A Throne for Games

A report back from Chuck’s First KublaCon

Round TableLast weekend was three-and-a-half days playing board and card games at KublaCon, an SF Bay Area game convention. I’d heard about the convention before, but this was my first year to bite the bullet and go. It was a hell of a lot of fun, highly recommended to anybody who’s interested in “analog” games.

I’d been skeptical about actually staying at the hotel instead of just driving down each day, but for a game convention, that’s totally the way to do it. It’s more social than any other nerd con I’ve been to; you really get the sense that people aren’t there to buy and sell stuff, but to play. At all hours, you could wander around the common areas of the hotel and find groups of people with a game, inviting strangers to join in.

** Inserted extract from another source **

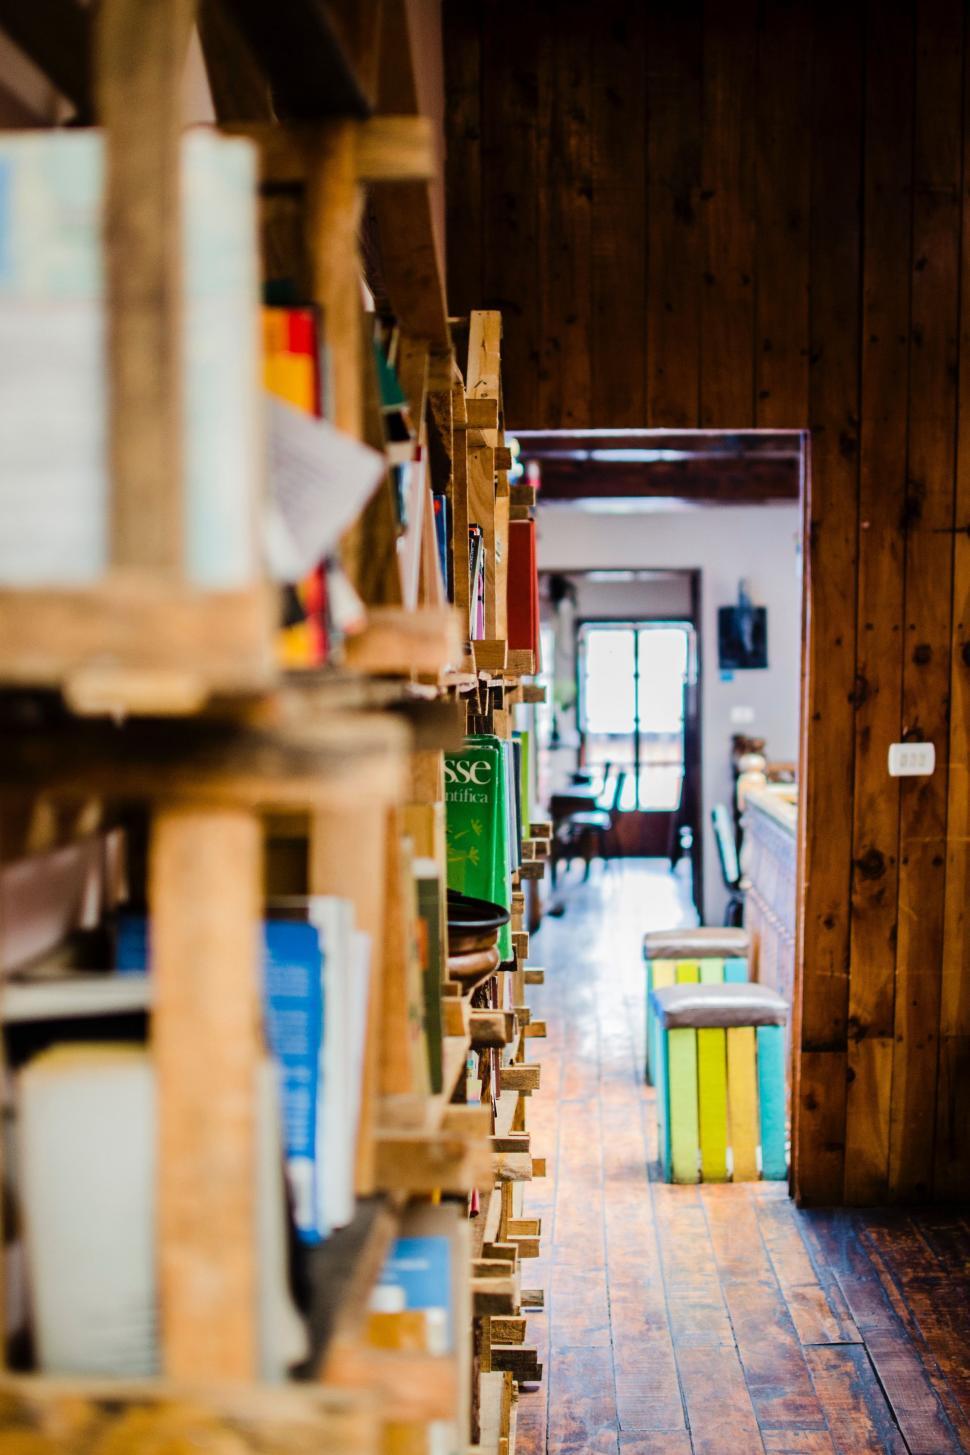 Free Image of Room Filled With Wooden Shelves Overflowing With Books

And that’s literally all hours, since I spoke to a few people starting five- or six-hour games at 11 pm.

In addition to the dealer floor and the huge personal collections of dozens of folks obsessively into games, there was a fully-stocked library with just about everything published in the last couple of decades.

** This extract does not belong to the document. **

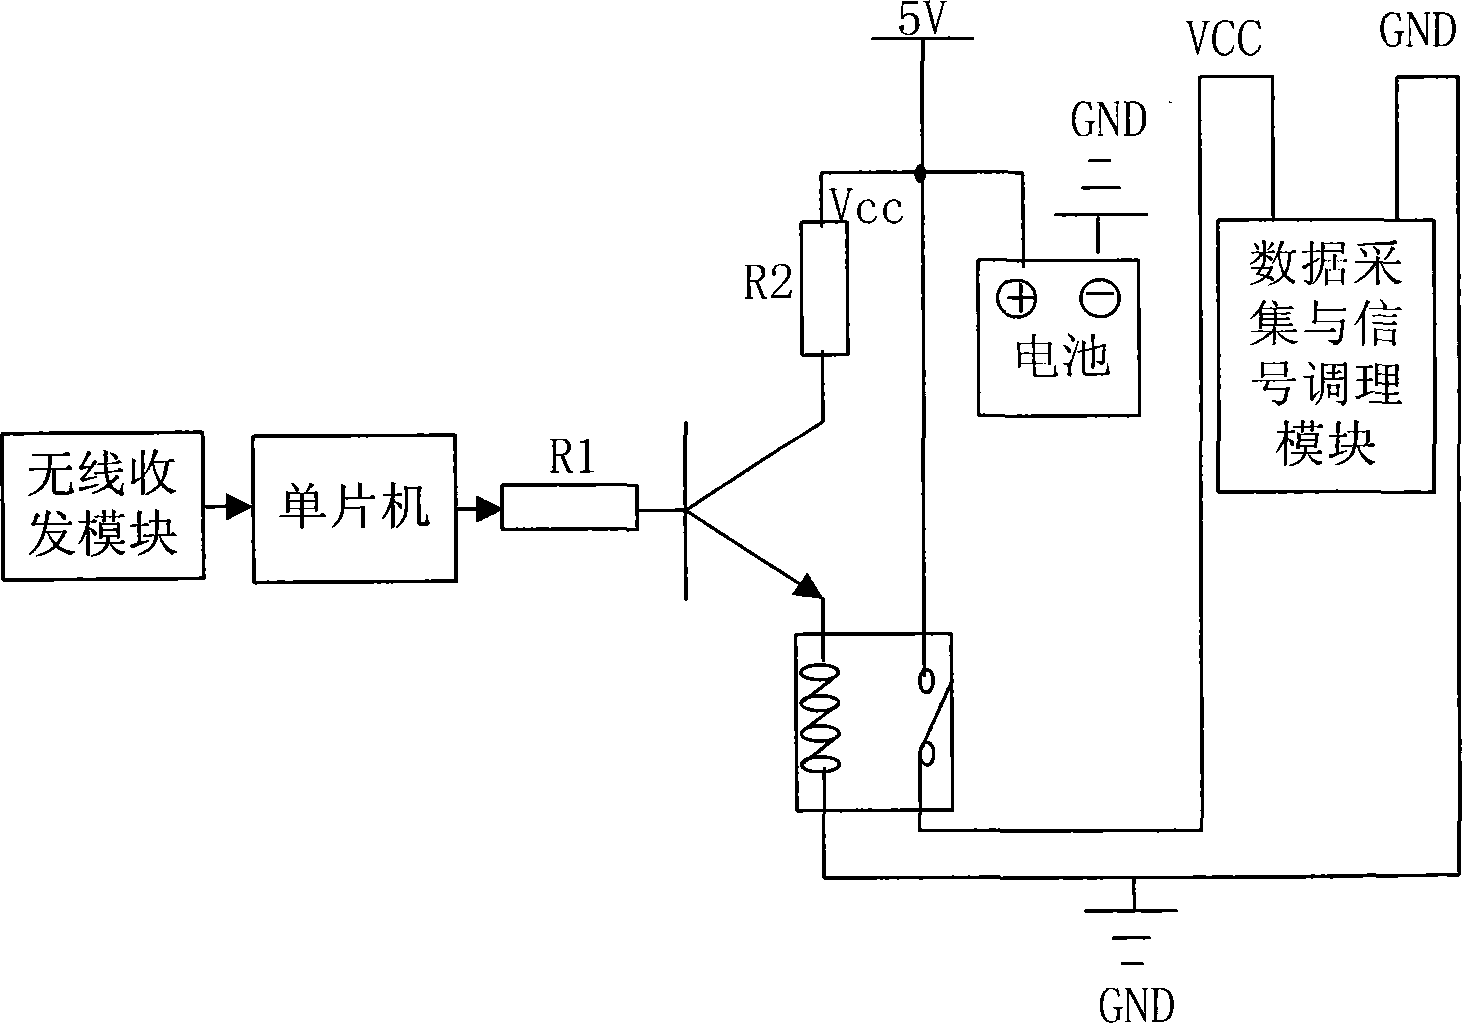 Low-power-consumption power supply system for wireless sensor network

I got to try a bunch of games I’d never played before, along with a few that I’d played but didn’t really appreciate. Here’s what I played and what I thought. (Some of these are only after a single play-through, so take that into account when you’re making your buying or playing decisions).

Deck-building game: Players “buy” cards from a common pool and add them to their deck. Each has special abilities, designed to let you alter your deck or your hand to buy the more expensive, scoring cards.

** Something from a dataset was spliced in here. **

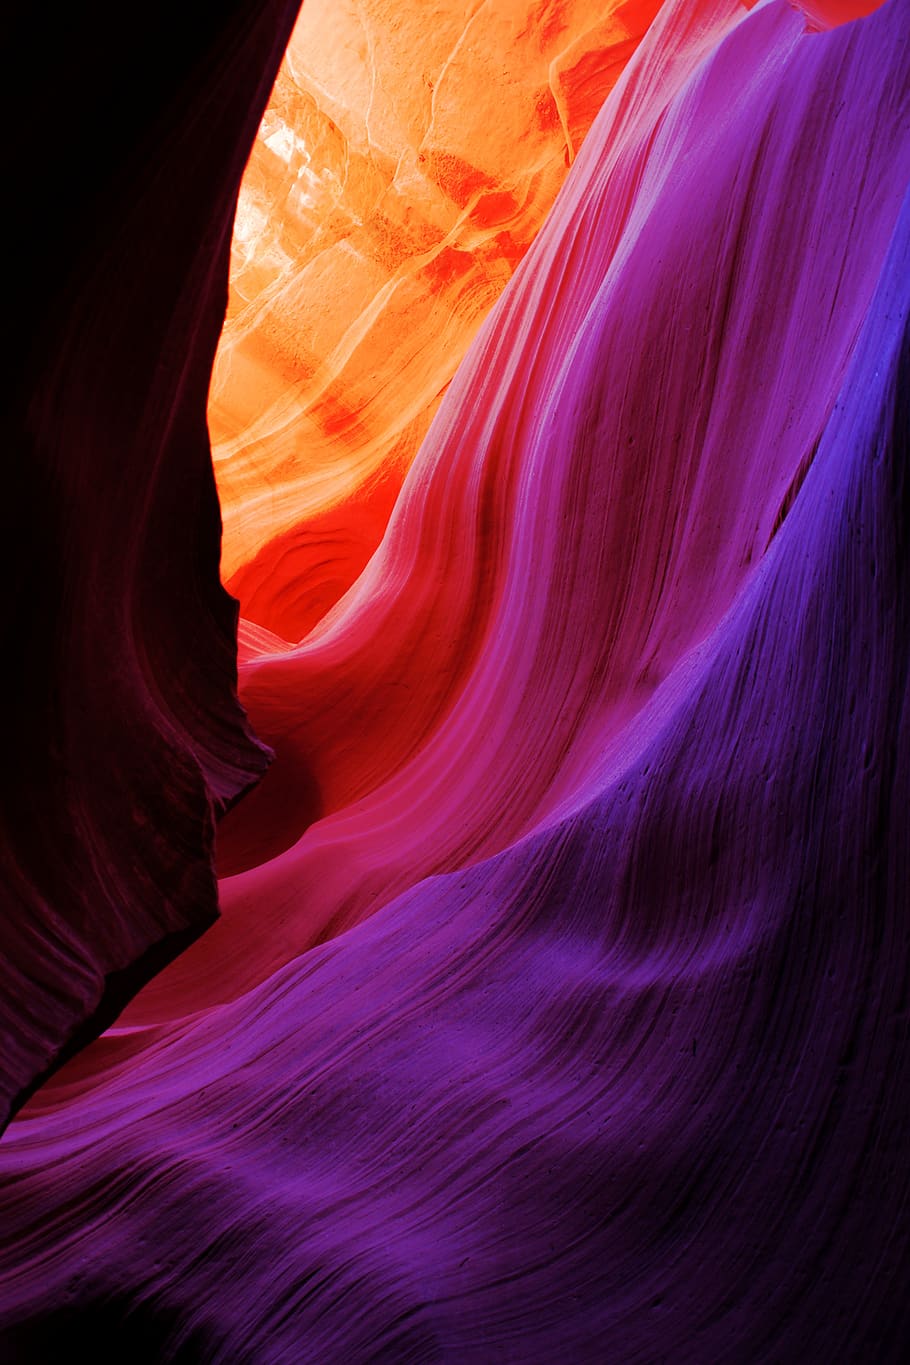 200+ Canyon wallpapers HD | Download Free backgrounds

I played one game of Dominion not long after it’d been released, and I just didn’t see the appeal. It finally clicked for me this year, and once it did, I was completely hooked. It’s just a brilliant game, so well designed and extensible that it actually makes flaws in other games all the more glaring.

I’d been thinking that the most novel concept of the game was how victory points are handled — the cards that score you points are in the same deck as everything else, but they’re of no use to you until the end of the game. So there’s a strategic balance inherent to the central mechanic of the game: the more point cards you get, the more space they take up in your hand. Some of the most interesting strategies are based on the idea of doing something completely unintuitive, like trashing point cards in the hopes of getting higher-value cards later.

But that’s just one aspect of what’s really appealing about Dominion: it forces you to conceive of and adapt fundamentally different strategies for each game. A while ago I complained that videogames rarely require genuine innovation on the part of the player. I feel that I’m always looking for the one correct solution, or choosing between several clearly-labeled strategies.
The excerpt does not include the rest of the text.